The Iceberg community provides an official Flink Connector, and this chapter’s source code analysis is based on that.

Overview of the Write Submission Process

Flink writes data through RowData -> distributeStream -> WriterStream -> CommitterStream. Before data is committed, it is stored as intermediate files, which become visible to the system after being committed (through writing manifest, snapshot, and metadata files).

Flink-Iceberg Write Flow

private <T> DataStreamSink<T> chainIcebergOperators() {
    Preconditions.checkArgument(inputCreator != null,
        "Please use forRowData() or forMapperOutputType() to initialize the input DataStream.");
    Preconditions.checkNotNull(tableLoader, "Table loader shouldn't be null");

    DataStream<RowData> rowDataInput = inputCreator.apply(uidPrefix);

    if (table == null) {
        tableLoader.open();
        try (TableLoader loader = tableLoader) {
            this.table = loader.loadTable();
        } catch (IOException e) {
            throw new UncheckedIOException("Failed to load iceberg table from table loader: " + tableLoader, e);
        }
    }

    List<Integer> equalityFieldIds = checkAndGetEqualityFieldIds();

    RowType flinkRowType = toFlinkRowType(table.schema(), tableSchema);

    DataStream<RowData> distributeStream = distributeDataStream(
        rowDataInput, table.properties(), equalityFieldIds, table.spec(), table.schema(), flinkRowType);

    SingleOutputStreamOperator<WriteResult> writerStream = appendWriter(distributeStream, flinkRowType,
        equalityFieldIds);

    SingleOutputStreamOperator<Void> committerStream = appendCommitter(writerStream);

    return appendDummySink(committerStream);
}

Write Process Source Code Analysis

WriteStream

private SingleOutputStreamOperator<WriteResult> appendWriter(DataStream<RowData> input, RowType flinkRowType,
                                                             List<Integer> equalityFieldIds) {
    boolean upsertMode = upsert || PropertyUtil.propertyAsBoolean(table.properties(),
        UPSERT_ENABLED, UPSERT_ENABLED_DEFAULT);

    if (upsertMode) {
        Preconditions.checkState(!overwrite,
            "OVERWRITE mode shouldn't be enabled when configuring to use UPSERT data stream.");
        Preconditions.checkState(!equalityFieldIds.isEmpty(),
            "Equality field columns shouldn't be empty when configuring to use UPSERT data stream.");
        if (!table.spec().isUnpartitioned()) {
            for (PartitionField partitionField : table.spec().fields()) {
                Preconditions.checkState(equalityFieldIds.contains(partitionField.sourceId()),
                    "In UPSERT mode, partition field '%s' should be included in equality fields: '%s'",
                    partitionField, equalityFieldColumns);
            }
        }
    }

    IcebergStreamWriter<RowData> streamWriter = createStreamWriter(table, flinkRowType, equalityFieldIds, upsertMode);

    int parallelism = writeParallelism == null ? input.getParallelism() : writeParallelism;
    SingleOutputStreamOperator<WriteResult> writerStream = input
        .transform(operatorName(ICEBERG_STREAM_WRITER_NAME), TypeInformation.of(WriteResult.class), streamWriter)
        .setParallelism(parallelism);
    if (uidPrefix != null) {
        writerStream = writerStream.uid(uidPrefix + "-writer");
    }
    return writerStream;
}

The WriterStream operator is transformed from the distributeStream, with RowData as input and WriteResult as output.
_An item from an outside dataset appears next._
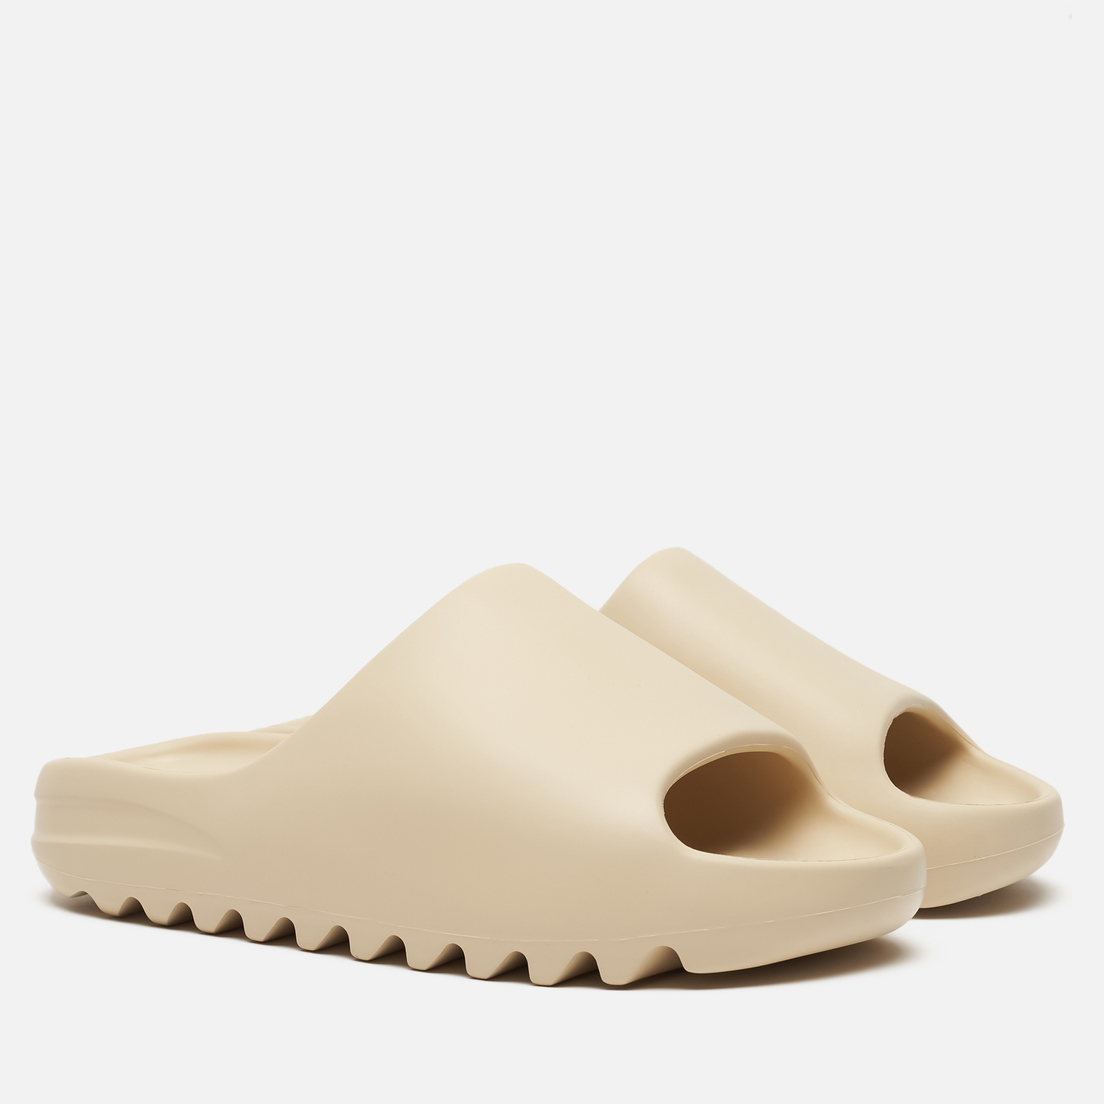 Snooze sg on instagram adidas yeezy slides concept

The transformation logic is encapsulated in the IcebergStreamWriter, which processes each element using processElement:

private transient TaskWriter<T> writer;
@Override
public void processElement(StreamRecord<T> element) throws Exception {
    writer.write(element.getValue());
}

IcebergStreamWriter delegates the writing to a TaskWriter created by TaskWriterFactory. The specific type could be PartitionedDeltaWriter or UnpartitionedWriter:

public TaskWriter<RowData> create() {
    Preconditions.checkNotNull(outputFileFactory,
        "The outputFileFactory shouldn't be null if we have invoked the initialize().");

    if (equalityFieldIds == null || equalityFieldIds.isEmpty()) {
        if (spec.isUnpartitioned()) {
            return new UnpartitionedWriter<>(spec, format, appenderFactory, outputFileFactory, io, targetFileSizeBytes);
        } else {
            return new RowDataPartitionedFanoutWriter(spec, format, appenderFactory, outputFileFactory,
                io, targetFileSizeBytes, schema, flinkSchema);
        }
    } else {
        if (spec.isUnpartitioned()) {
            return new UnpartitionedDeltaWriter(spec, format, appenderFactory, outputFileFactory, io,
                targetFileSizeBytes, schema, flinkSchema, equalityFieldIds, upsert);
        } else {
            return new PartitionedDeltaWriter(spec, format, appenderFactory, outputFileFactory, io,
                targetFileSizeBytes, schema, flinkSchema, equalityFieldIds, upsert);
        }
    }
}

CommitterStream

The CommitterStream receives WriteResult as input with no output. WriteResult contains the data files produced by WriteStream:

public class WriteResult implements Serializable {
  private DataFile[] dataFiles;
  private DeleteFile[] deleteFiles;
  private CharSequence[] referencedDataFiles;
  ...
}

The core logic for processing data file submissions is encapsulated in IcebergFilesCommitter. The IcebergFilesCommitter maintains a list of files that need to be committed for each checkpoint. Once a checkpoint completes, it tries to commit those files to Iceberg.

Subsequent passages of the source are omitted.